Question

An inverted cone has a depth of $40cm$ and a base of radius $5cm$. Water is poured into it at a rate of $1.5$ cubic centimetres per minute. Find the rate at which the level of water in the cone is rising when the depth is $4cm$.

Answer 1

Let $V$ be the volume in the inverted cone.
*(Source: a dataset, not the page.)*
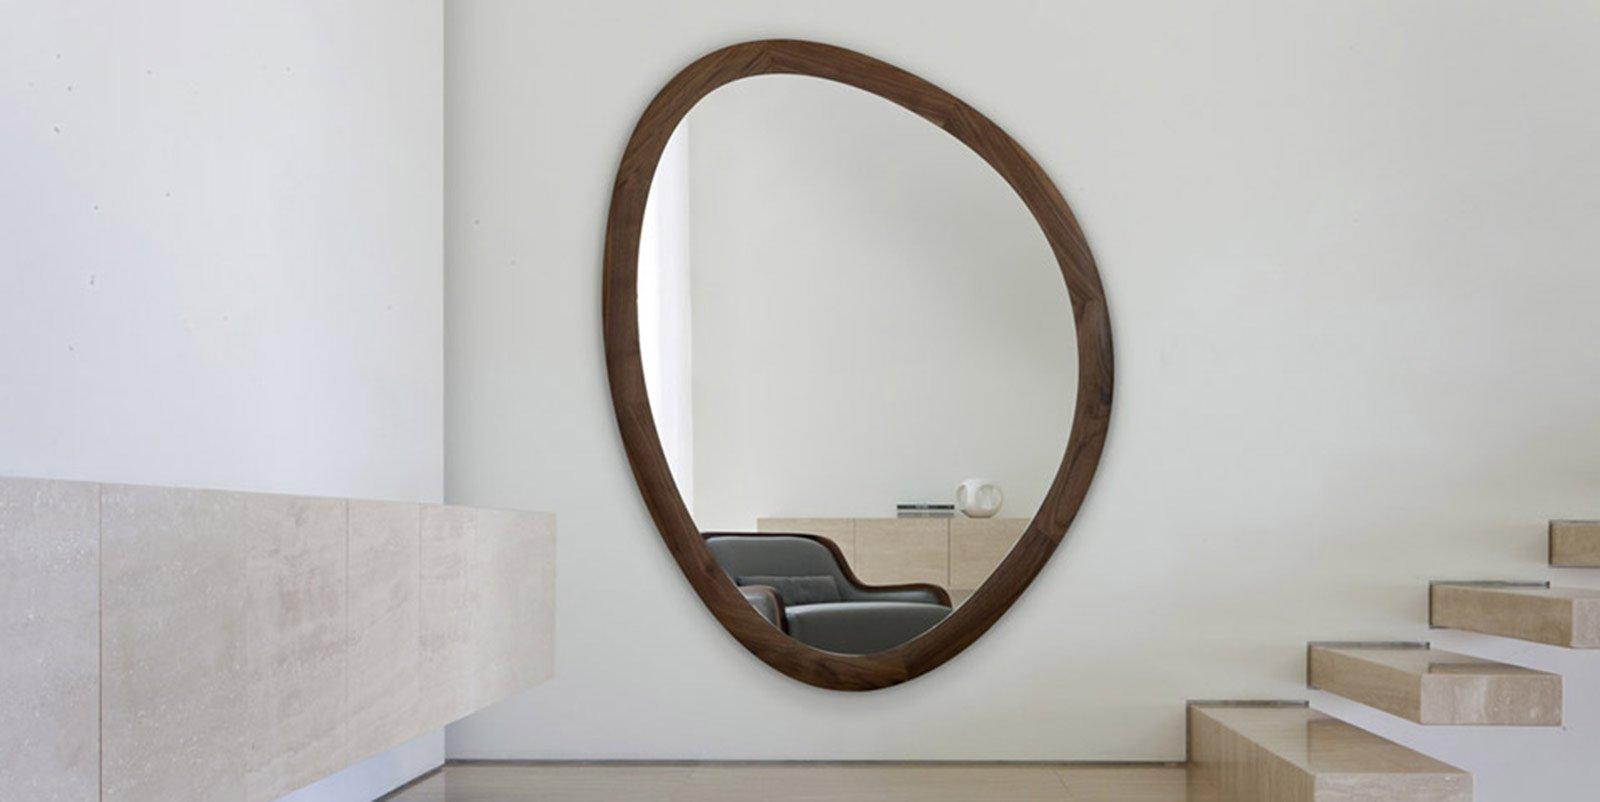 Specchi questione di riflessi cose di casa - Specchio convesso prezzo ...

Volume $\left(V\right)=\frac{1}{3}\pi r^{2}h$

By similar triangles,

$\frac{5}{40}=\frac{r}{h}$

$\Rightarrow r=\frac{h}{8}$

$\therefore V=\frac{1}{3}\pi {\left(\frac{h}{8}\right)}^{2}h$

$\Rightarrow V=\frac{1}{192}\pi h^3$

As the water is getting filled in funnel at the rate of $1.5{cm}^3/sec$, i.e.,

$\frac{dV}{dt}=1.5$

$\Rightarrow \frac{d}{dt}\left(\frac{1}{192}\pi h^3\right)=\frac{3}{2}$

$\Rightarrow \frac{1}{64}\pi h^2\frac{dh}{dt}=\frac{3}{2}$

$\Rightarrow \frac{dh}{dt}=\frac{96}{\pi h^2}$

$\therefore$ The rate of change of water level, i.e.,

$\frac{dh}{dt}=\frac{96}{\pi h^2}$

When ater is at $4cm$, i.e., when $h=4$,

$\therefore \frac{dh}{dt}=\frac{96}{\pi 4^2}$

$\Rightarrow \frac{dh}{dt}=\frac{6}{\left(\frac{22}{7}\right)}=\frac{6\times 7}{22}=\frac{21}{11}cm/s$

Hence the correct answer is $\frac{21}{11}cm/s$.